6. Molecular Signaling Pathways
Estrogen binds to estrogen receptors ER-α and ER-β, triggering a cascade of intracellular signaling pathways that play key roles in immune modulation and tissue protection (12). These include the mitogen-activated protein kinase (MAPK) pathway, which regulates cell survival and inflammation; nuclear factor kappa-light-chain-enhancer of activated B cells (NF-κB), which controls cytokine production and immune response; peroxisome proliferator-activated receptor gamma coactivator 1-alpha (PGC-1α), which influences mitochondrial biogenesis and metabolic regulation; and heat shock proteins (HSPs), which assist in cellular stress responses. Additionally, estrogen can modulate toll-like receptor 4 (TLR4) signaling, enhancing pathogen recognition, and activate the PI3K/Akt pathway, promoting cellular survival and reducing oxidative stress (13, 14).
7. Gender Dimorphism in Sepsis: A Controversial Perspective
The impact of gender on sepsis outcomes remains debated. Some studies report no difference in mortality (15), while others suggest premenopausal women have better survival due to estrogen’s protective effects (16-19). Rather than questioning if gender affects survival, we should explore why estrogen may improve outcomes. Sun et al. (20) found that E2 enhances macrophage LAP, possibly explaining sex differences in sepsis survival. Their study showed that beta-glucan-induced trained immunity improves sepsis resistance in female mice, but this effect diminishes in ovariectomized (OVX) mice. Beta-glucan increases RUBICON and NOX2 expression in macrophages, boosting reactive oxygen species (ROS) production and LAP-mediated pathogen clearance. In vitro, E2 further enhances this process. Since RUBICON stabilizes NOX2 for ROS production, higher E2 levels in women may strengthen macrophage LAP, enhancing sepsis resistance (21).

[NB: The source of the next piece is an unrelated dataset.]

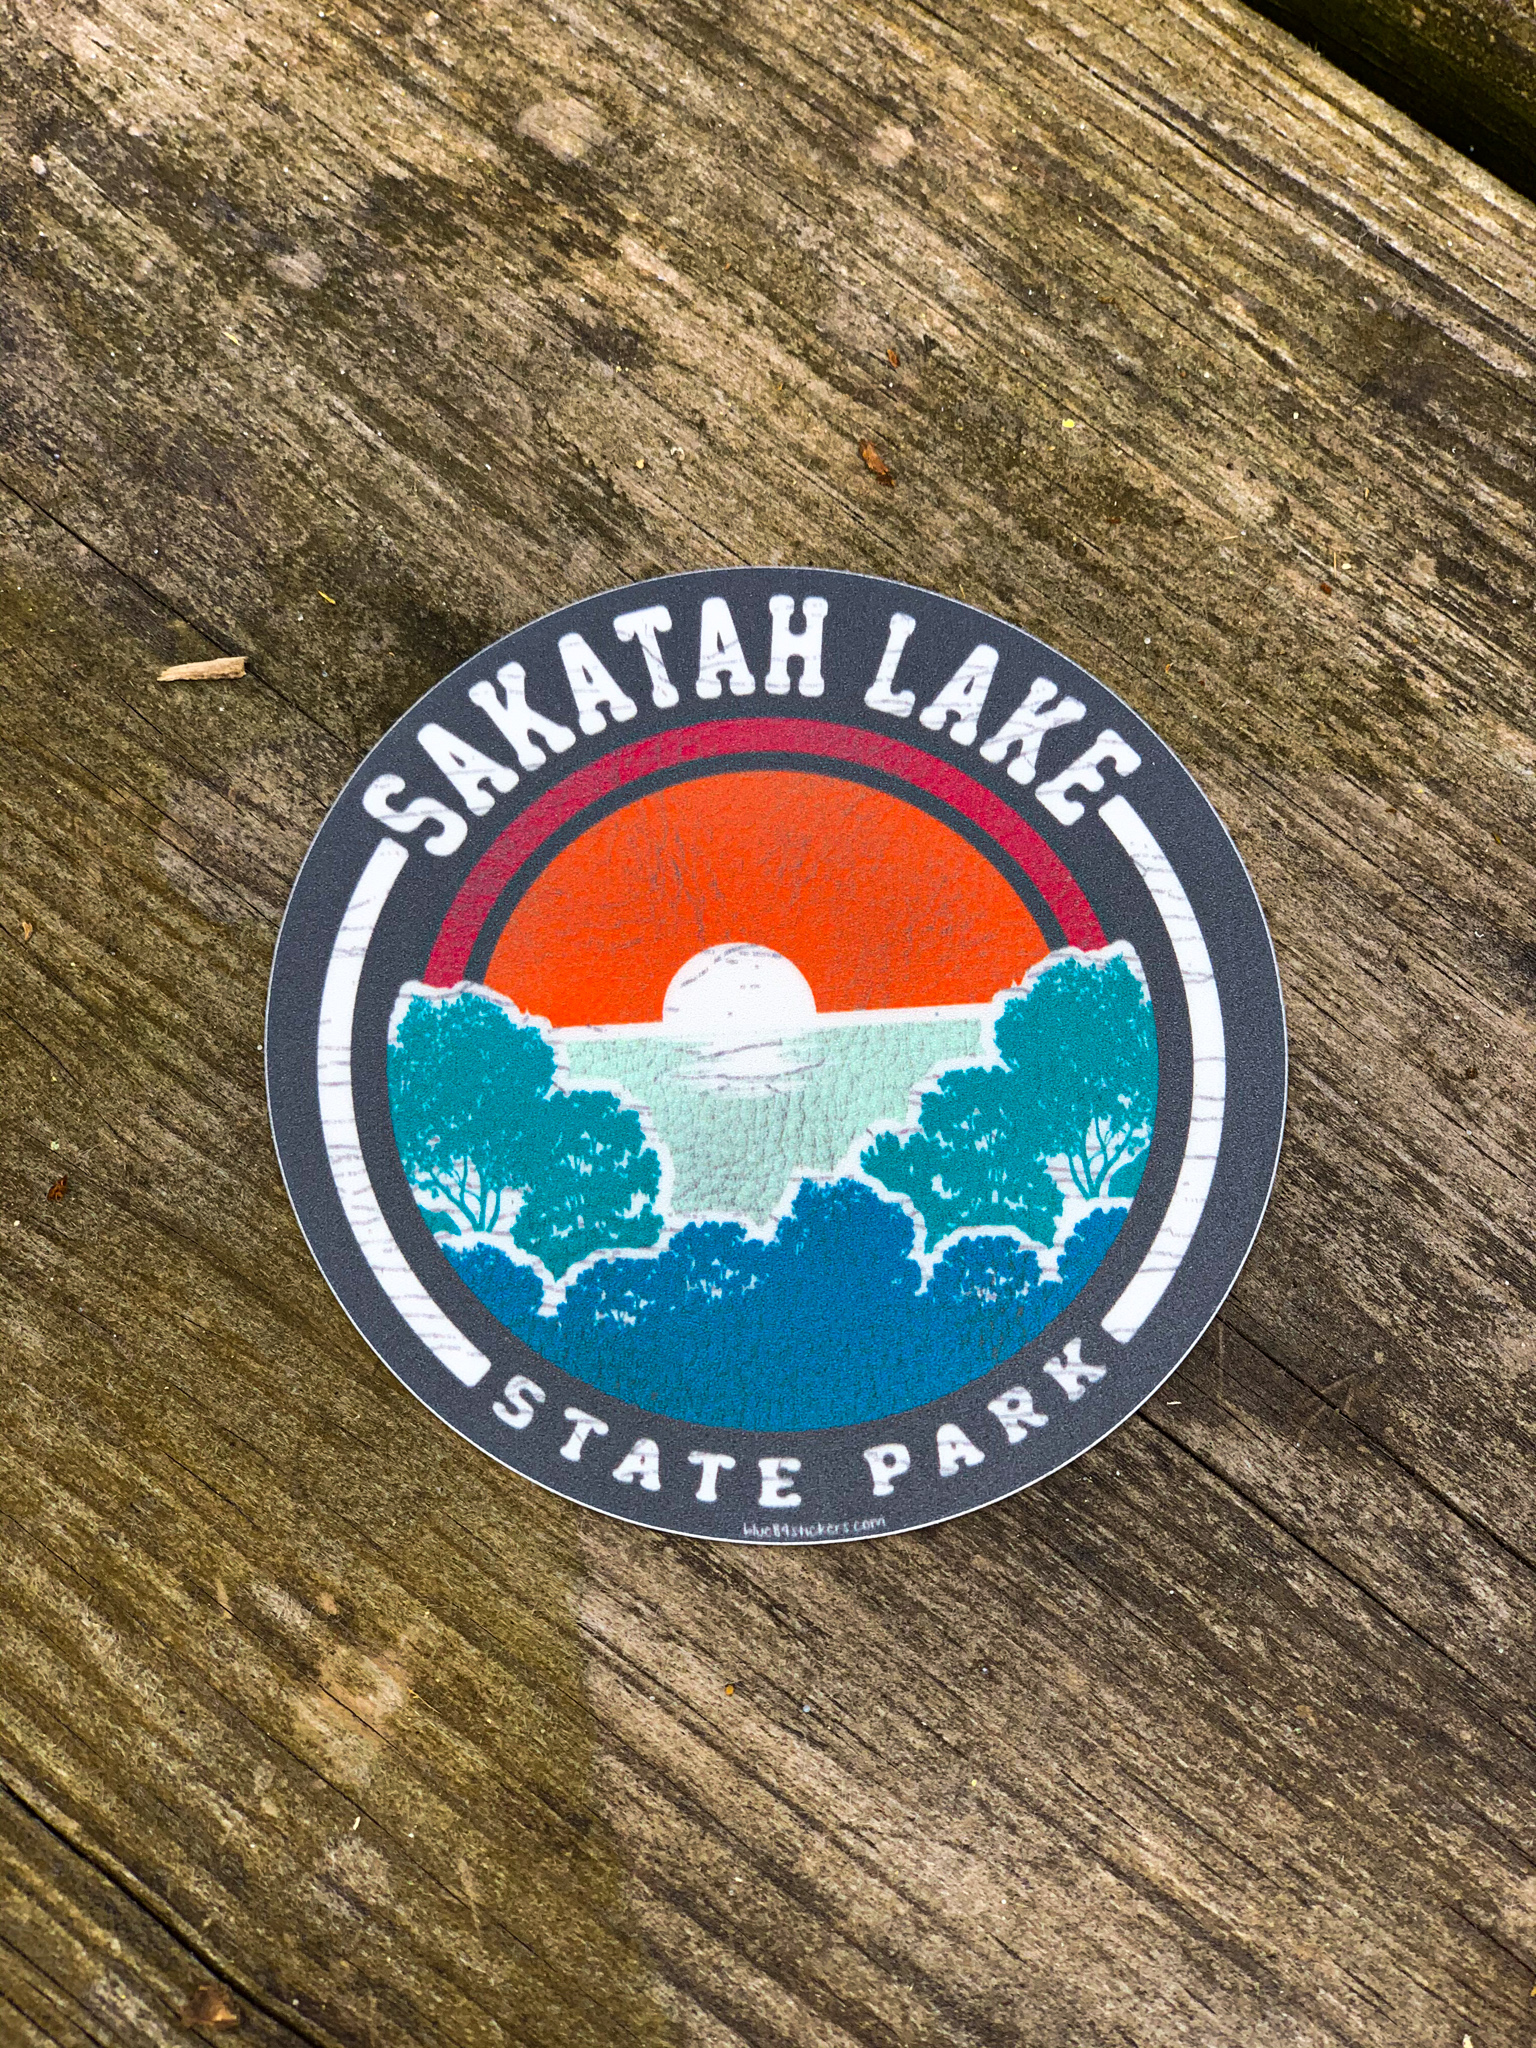 Sakatah Lake State Park Sticker

8. Clinical Implications and Challenges
Understanding role of estrogen in sepsis could inform treatment but presents challenges:
- Therapeutic implementation: Determining optimal dosing and administration.
- Potential risks: Possible thromboembolism and hormonal side effects (22).
- Need for clinical trials: Further research is needed to confirm estrogen’s safety and efficacy.
9. Future Directions
Exploring selective estrogen receptor modulators (SERMs) may offer targeted benefits with fewer side effects.
10. Conclusions
Estrogen’s protective effects in sepsis warrant deeper investigation. Shifting from epidemiological studies to mechanistic insights may unlock new treatment strategies.